Sustainable Development Goal (SDG): Good Health and Well-being (SDG 3)

Sustainable Development Goal (SDG): Good Health and Well-being (SDG 3)

Mendes Aléxis -
Кількість відповідей: 1

Report: Predicting an SDG Indicator using Machine Learning Techniques

Selected SDG and Indicator:

  • Sustainable Development Goal (SDG): Good Health and Well-being (SDG 3)
  • Indicator: Life Expectancy at Birth

Data Collection:

I collected data from PORDATA, focusing on European countries from 2000 to 2020. The data includes various indicators that potentially impact life expectancy, such as:

  • GDP per capita
  • Health expenditure per capita
  • Smoking prevalence
  • Obesity rate
  • Access to clean water and sanitation
  • Employment rate
  • Air pollution levels (PM2.5 concentration)
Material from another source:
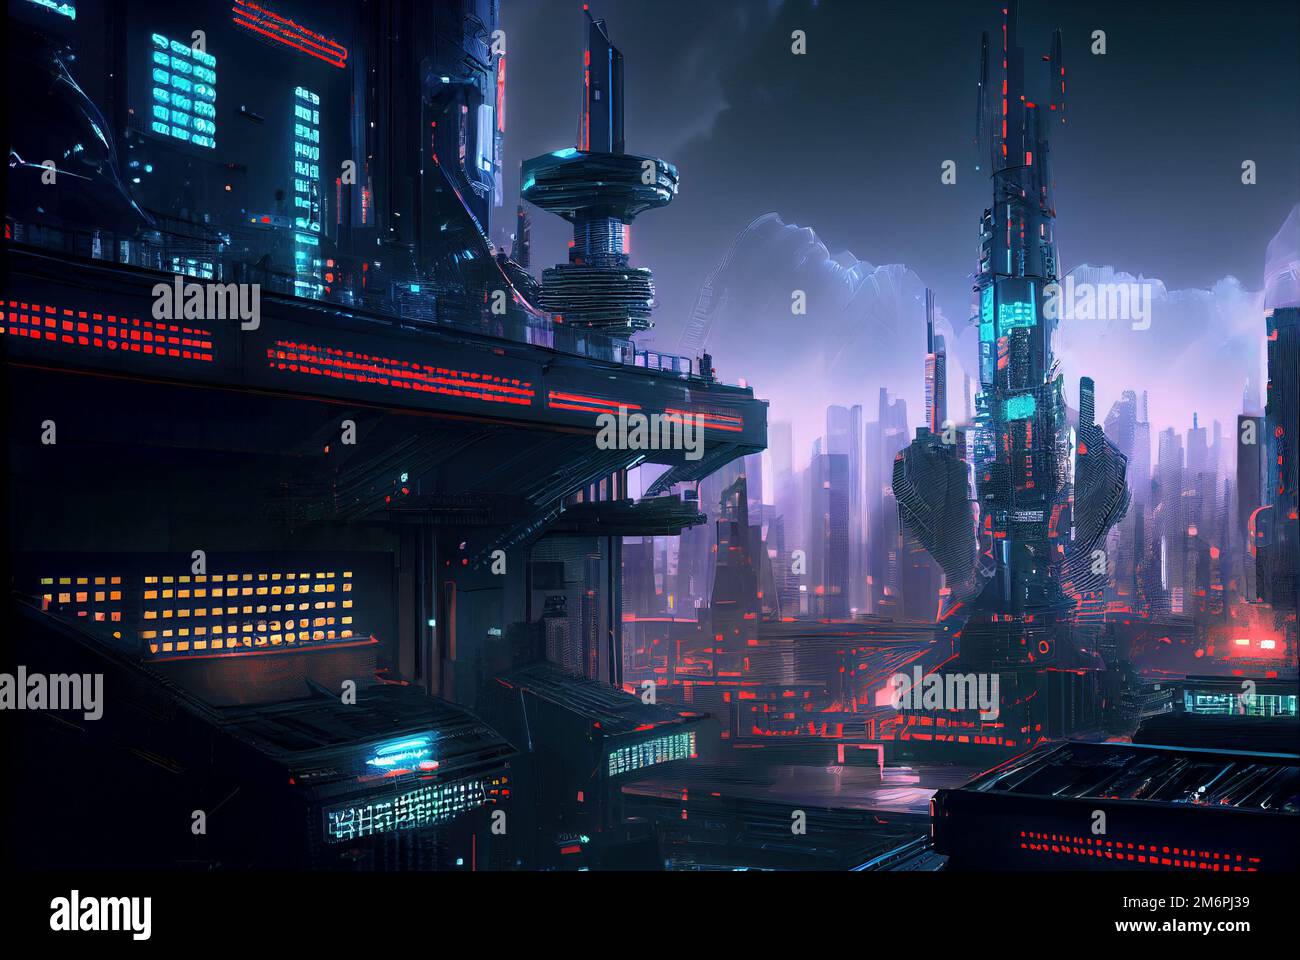 Cyber city at night, futuristic buildings view. Urban neon street scene, fantasy dark skyline. Concept of future, metaverse, technology Stock Photo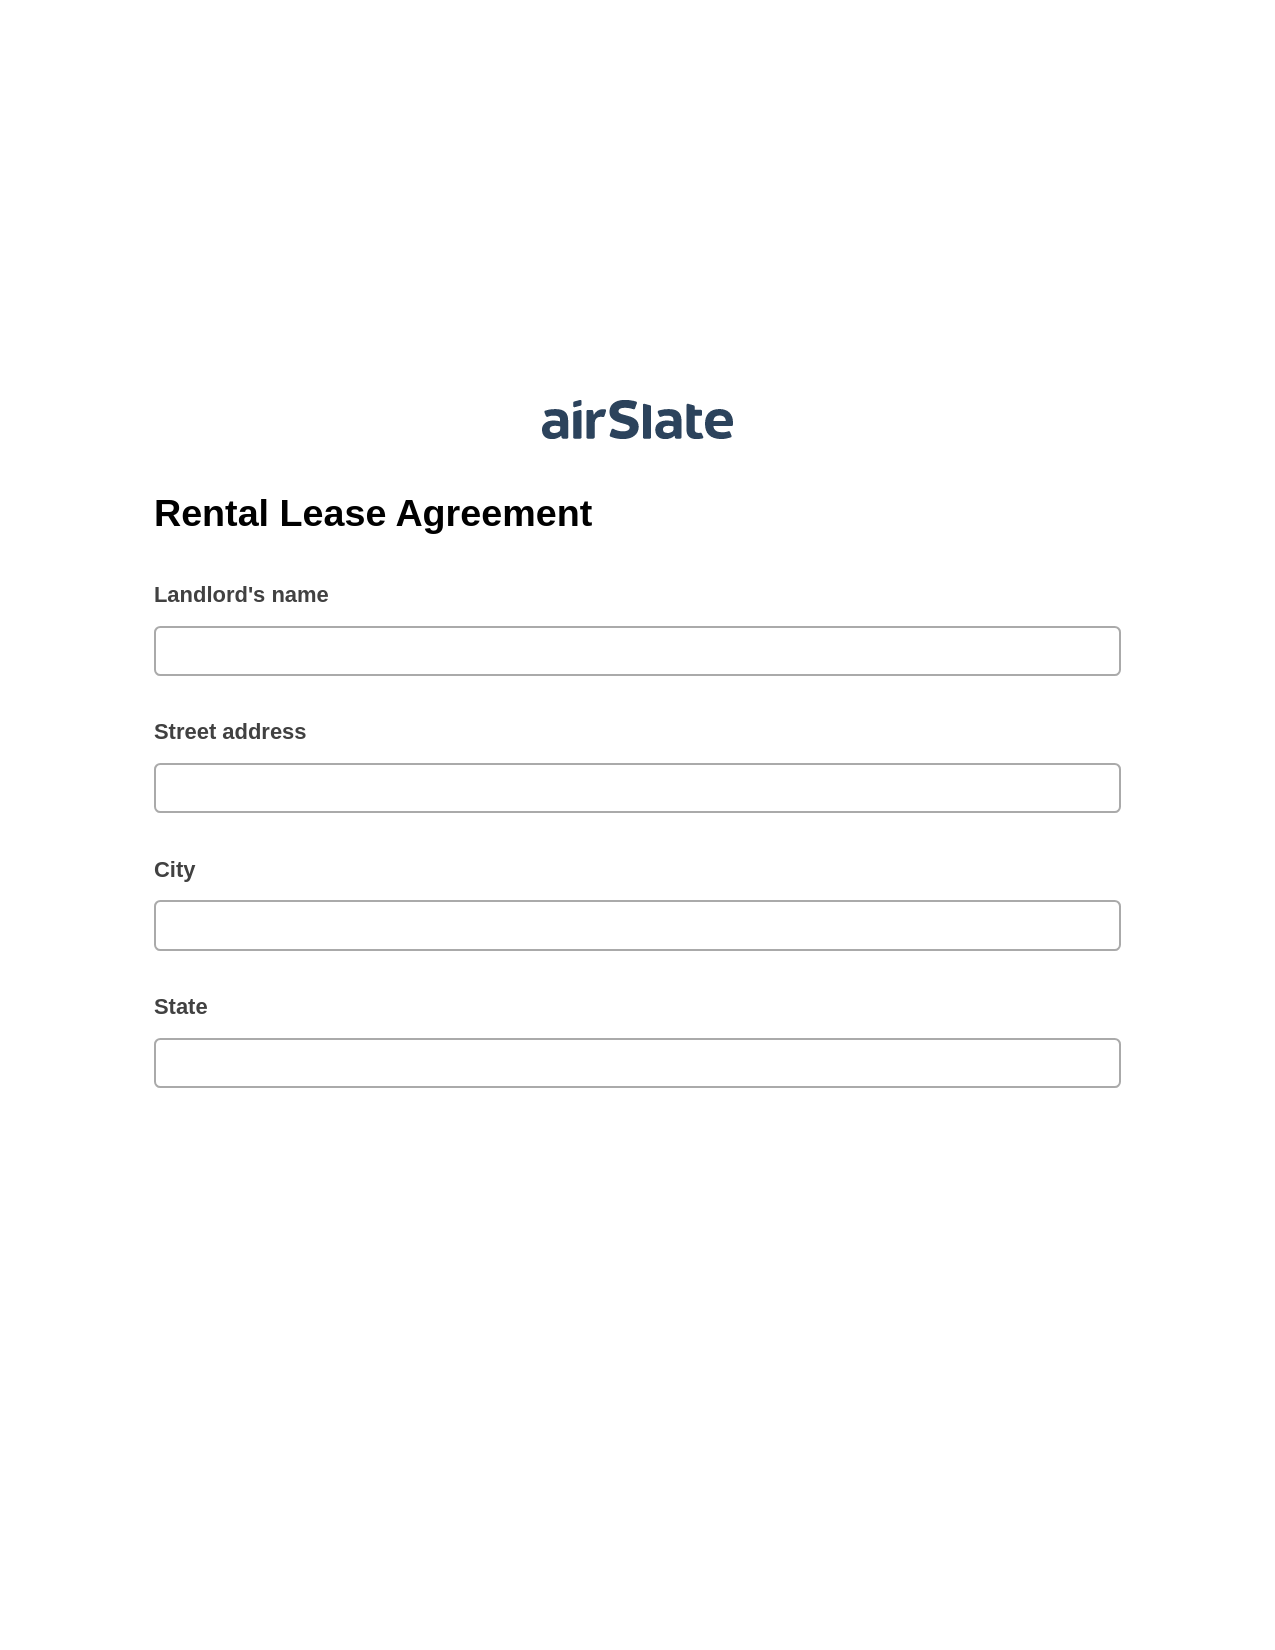 Rental Lease Agreement Pre-fill from Excel Spreadsheet Dropdown Options Bot, Google Cloud Print Bot, Webhook Postfinish Bot

Machine Learning Techniques:

  1. Linear Regression
  2. Random Forest
  3. Support Vector Machine (SVM)

Analysis and Results

1. Linear Regression

Linear regression fits a linear relationship between life expectancy and the other indicators.

  • Model Performance: The model showed a moderate fit with an R-squared value of 0.60, indicating that 60% of the variance in life expectancy can be explained by the selected indicators.
  • Key Factors: Health expenditure per capita and access to clean water and sanitation were the most significant predictors, with positive coefficients indicating a direct relationship with life expectancy.

2. Random Forest

Random Forest builds multiple decision trees and combines them for more accurate predictions.

  • Model Performance: The Random Forest model performed better with an R-squared value of 0.82, indicating strong predictive capability.
  • Key Factors: Health expenditure per capita, GDP per capita, and air pollution levels were the top predictors. The model effectively captured non-linear relationships and interactions between variables, improving prediction accuracy.

3. Support Vector Machine (SVM)

Support Vector Machine finds the optimal hyperplane that best separates the data into classes or predicts continuous outcomes.

  • Model Performance: The SVM model provided an R-squared value of 0.75. While not as high as Random Forest, it still demonstrated strong predictive capabilities.
  • Key Factors: Similar to Random Forest, the SVM model highlighted the importance of health expenditure per capita, air pollution levels, and GDP per capita.

Conclusion

The results show that it is feasible to predict life expectancy using relevant macro-level country data. Among the three machine learning techniques applied, Random Forest showed the best performance, followed by Support Vector Machine, and then Linear Regression.

Important Factors:

  • Health Expenditure per Capita: Higher investment in health correlates with longer life expectancy due to better healthcare services and facilities.
  • GDP per Capita: Economic prosperity often translates into better living conditions and access to healthcare.
  • Access to Clean Water and Sanitation: Essential for preventing diseases and promoting overall health.
  • Air Pollution Levels: Higher pollution is associated with various health issues, reducing life expectancy.

Recommendations:

To achieve the target of increasing life expectancy, policies should focus on:

  • Enhancing healthcare funding and making healthcare services more accessible and affordable.
  • Promoting economic growth and equitable distribution of wealth.
  • Ensuring access to clean water and sanitation for all.
  • Implementing measures to reduce air pollution and improve environmental quality.

Future Work:

Further research could involve:

  • Including more countries and a broader range of indicators for a more comprehensive analysis.
  • Exploring other machine learning techniques like neural networks for potentially better performance.
  • Investigating the causal relationships between indicators and life expectancy to guide policy interventions effectively.

By applying machine learning methods, we can gain valuable insights into the factors that drive progress toward achieving sustainable development goals and inform policy decisions to foster better health outcomes globally.